When we applied our grounded theory approach (Box 1 in the Perceptions of Gender Equality section of this Annual Review) to the wellbeing theme in 2017, we observed that focus group participants both from business areas that scored well on wellbeing and from those that did not, talked about resource constraints and excessive workloads. It was, however, the way in which the higher-scoring firms helped employees deal with this, that made the difference. This included:
- planning well and managing resources effectively;
- ensuring that line managers were supportive;
- effective implementation of flexible working policies (including, in particular, trusting employees who made use of them); and
- treating different parts of their firms consistently.
16% of respondents to our additional question (i.e. 16% of 24% of all 72,000 Survey respondents) said that working relationships at their firm had a negative impact on their health and wellbeing. They used words like ‘behaviour’, ‘fear’ ‘threat’, ‘consequence’, and ‘unfair’ to describe their experience (figure 51). Our work with firms over successive Assessment cycles has underlined the extent to which perceptions of fairness in the organisation (i.e. organisational justice) are important influences on wellbeing; a finding consistent with a wide range of research across sectors and countries.
Fig 51. BSB Survey 2018 — words used by employees in response to Q29a, relating to working relationships
Note: The size of the words illustrates how frequently they were cited. Words of a similar meaning have been clustered for the purposes of analysis. The colours used are solely for presentational purposes.
Of those employees who said that working at their firm had a negative impact on their health and wellbeing, 13% referred to their physical environment as a factor. As figure 49 showed, this was particularly the case in Investment Banking. The words most commonly used by employees that related to the physical working environment are shown in figure 52.

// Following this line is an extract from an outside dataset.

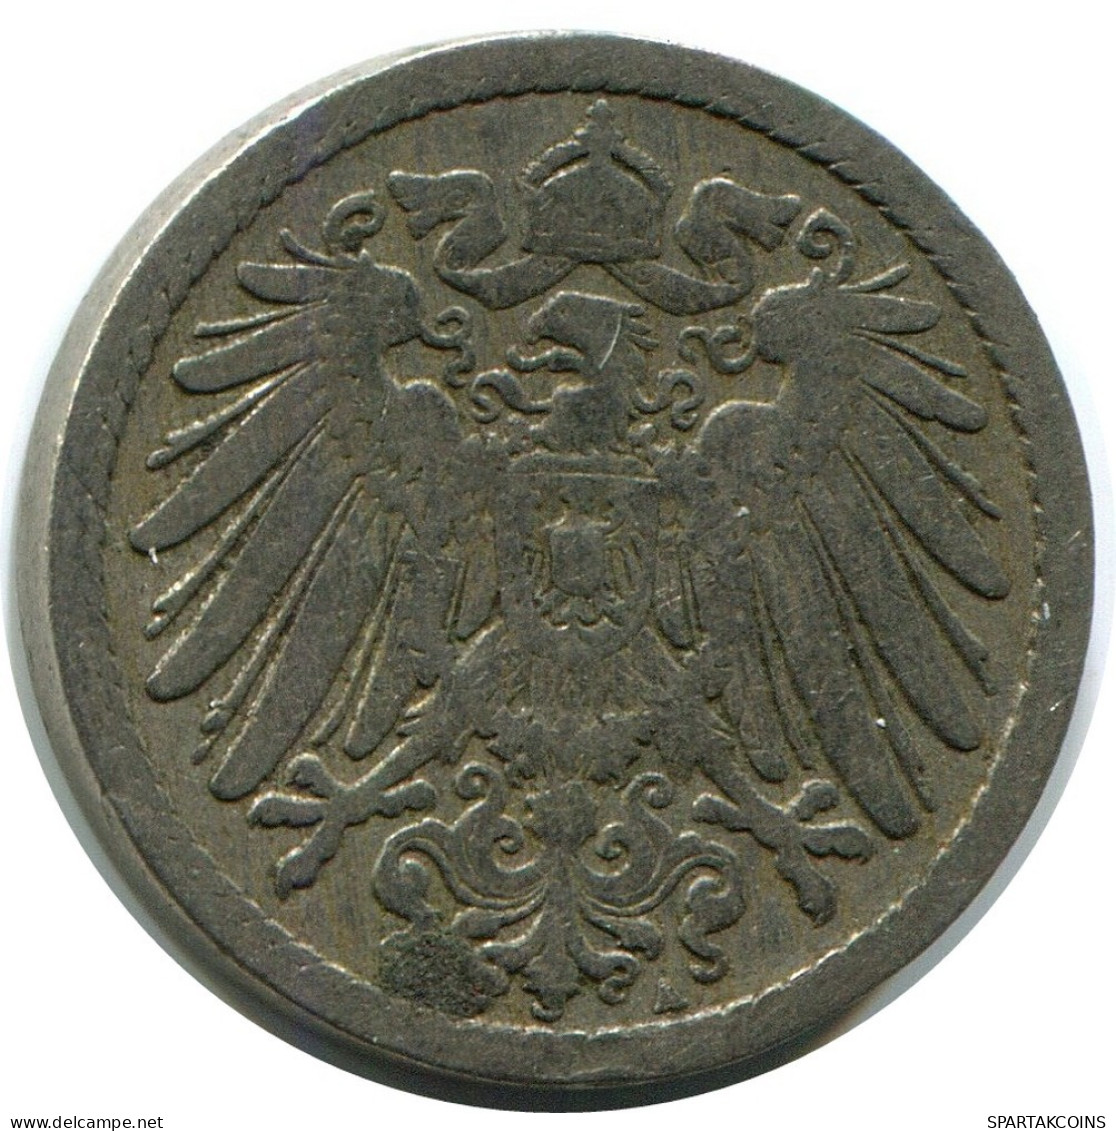 5 PFENNIG 1890 A GERMANY Coin #DB253.U.A - 5 Pfennig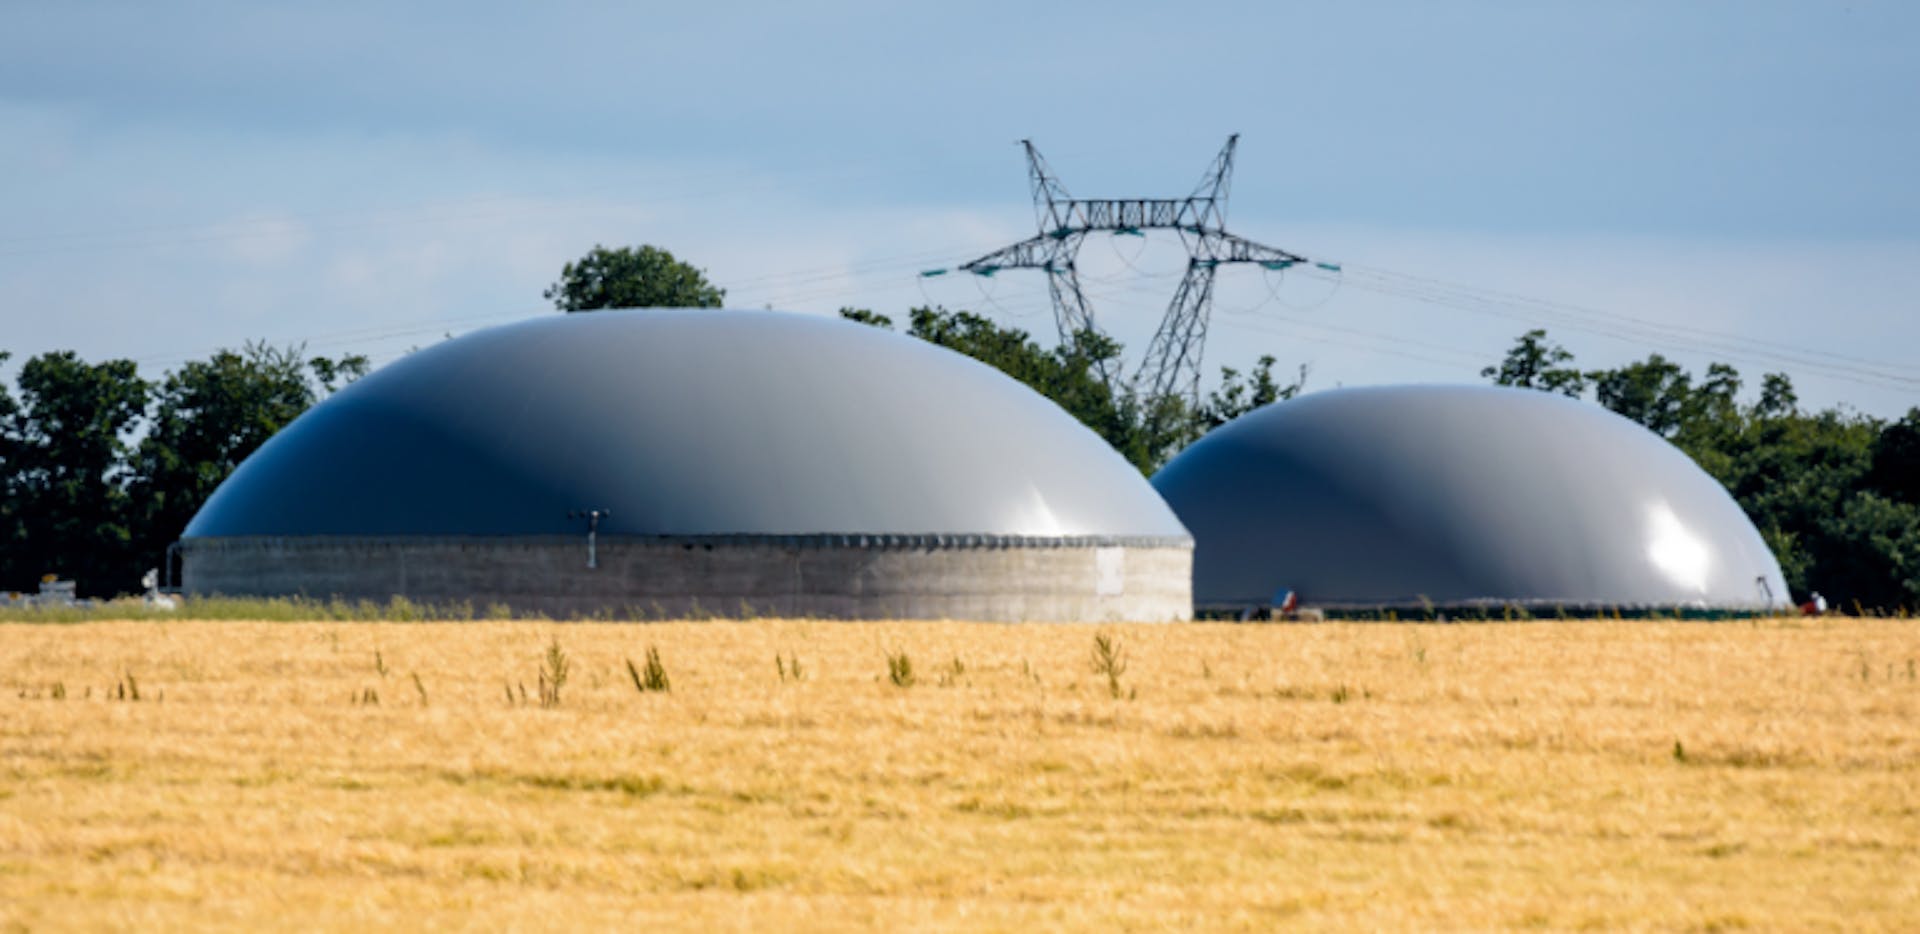 Unité de méthanisation qui produit du biogaz grâce à des déchets renouvelables.

Fig 52. BSB Survey 2018 — words used by employees in response to Q29a, relating to physical environment
Note: The size of the words illustrates how frequently they were cited. Words of a similar meaning have been clustered for the purposes of analysis. The colours used are solely for presentational purposes.
Many firms have told us about how they have moved away from sales targets and incentives; changes noted and generally welcomed also by employees when we have spoken with them in focus groups over the course of successive Assessments. As noted in our analysis of the issues raised by focus group participants in 2018 with respect to customer focus, however, some employees see such targets as still implicit in practice, and the responses to our additional wellbeing question are consistent with this perception.
Of the quarter of employees overall who said that working at their firm had a negative impact on their health and wellbeing, 6% referenced targets and goals. We do not know the nature of the targets or goals referred to, and they may bear no relation to sales volumes or financial metrics. There are also marked differences by business area. The 6% who referenced targets and goals rose to 9% in Retail and, within Retail, to 15% in Retail Branch. Differences were also evident between firms. As noted, 15% of Retail Branch employees who said that working at their firm had a negative impact on their health and wellbeing, referred to targets and goals as a factor. By individual firm, however, this proportion ranged from 6% in the firm at the low end of the spectrum, to 22% in the firm at the other. The issue of targets and goals may be one of perception or of substance. Either way, it is one that firms will wish to address.
We are continuing to analyse the data available from the Survey in order to gain as much insight from it as possible on issues relating to wellbeing, and look forward to working with firms and partner organisations on practical steps arising from this work as the year progresses.